DA-Code: Agent Data Science Code Generation Benchmark for Large Language Models

Yiming Huang,Jianwen Luo,Yan Yu,Yitong Zhang,Fangyu Lei,Yifan Wei,Shizhu He,Lifu Huang,Xiao Liu,Jun Zhao,Kang Liu
2024-10-11
Abstract:We introduce DA-Code, a code generation benchmark specifically designed to assess LLMs on agent-based data science tasks. This benchmark features three core elements: First, the tasks within DA-Code are inherently challenging, setting them apart from traditional code generation tasks and demanding advanced coding skills in grounding and planning. Second, examples in DA-Code are all based on real and diverse data, covering a wide range of complex data wrangling and analytics tasks. Third, to solve the tasks, the models must utilize complex data science programming languages, to perform intricate data processing and derive the answers. We set up the benchmark in a controllable and executable environment that aligns with real-world data analysis scenarios and is scalable. The annotators meticulously design the evaluation suite to ensure the accuracy and robustness of the evaluation. We develop the DA-Agent baseline. Experiments show that although the baseline performs better than other existing frameworks, using the current best LLMs achieves only 30.5% accuracy, leaving ample room for improvement. We release our benchmark at <a class="link-external link-https" href="https://da-code-bench.github.io" rel="external noopener nofollow">this https URL</a>.
Computation and Language,Artificial Intelligence
What problem does this paper attempt to address?

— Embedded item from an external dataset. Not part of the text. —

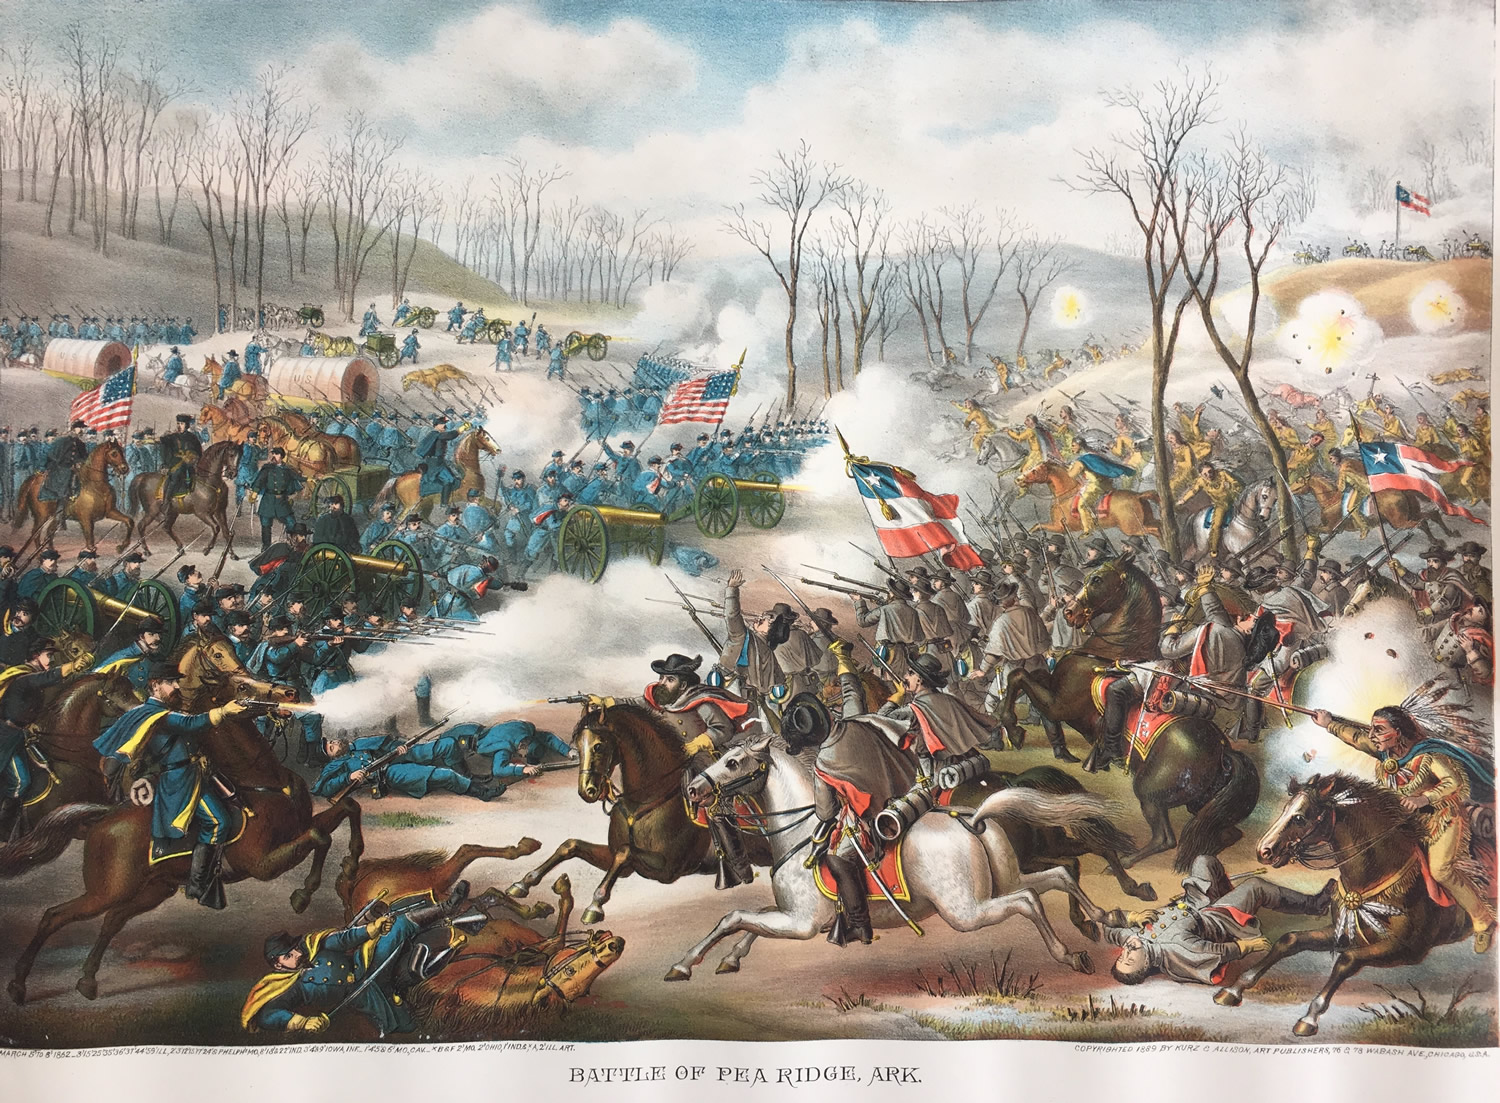 Battle of Pea Ridge, Arkansas by Kurz and Allison, late 1800s, Collection of Eric Stoltz

### Problems the Paper Aims to Solve This paper aims to address the issue of evaluating the capabilities of large language models (LLMs) in handling complex data science tasks. Specifically, the paper proposes a benchmark named **DA-Code**, designed to assess the performance of LLMs in agent-based data science tasks. #### Main Issues: 1. **Complex Task Challenges**: Existing code generation tasks are usually simpler, whereas the tasks in the DA-Code benchmark are more challenging, requiring advanced programming skills and planning abilities. 2. **Diversity of Real Data**: Data sources in existing benchmarks are often singular and not realistic, while DA-Code uses real and diverse data, covering a wide range of data processing and analysis tasks. 3. **Complex Programming Languages**: Tasks in existing benchmarks typically require only simple programming languages, whereas DA-Code requires models to use complex programming languages (such as Python, SQL, and Bash) to complete tasks. 4. **Autonomous Decision-Making Ability**: Existing models lack autonomous decision-making and planning abilities when handling complex data science tasks, and DA-Code aims to evaluate models in these aspects. ### Specific Goals: - **Design Complex Tasks**: Create a series of challenging data science tasks, covering data cleaning, machine learning, and exploratory data analysis. - **Use Real Data**: Ensure all tasks are based on real-world data, enhancing the authenticity and complexity of the tasks. - **Evaluate Complex Programming Abilities**: Require models to use multiple programming languages for complex data processing and analysis. - **Build a Controllable Environment**: Provide a controllable and executable environment that simulates real-world data analysis scenarios and is scalable. - **Develop an Evaluation System**: Design a detailed evaluation system to ensure the accuracy and robustness of the assessments. Through these goals, DA-Code hopes to advance the application of LLMs in the field of data science, enabling them to better handle complex tasks in the real world.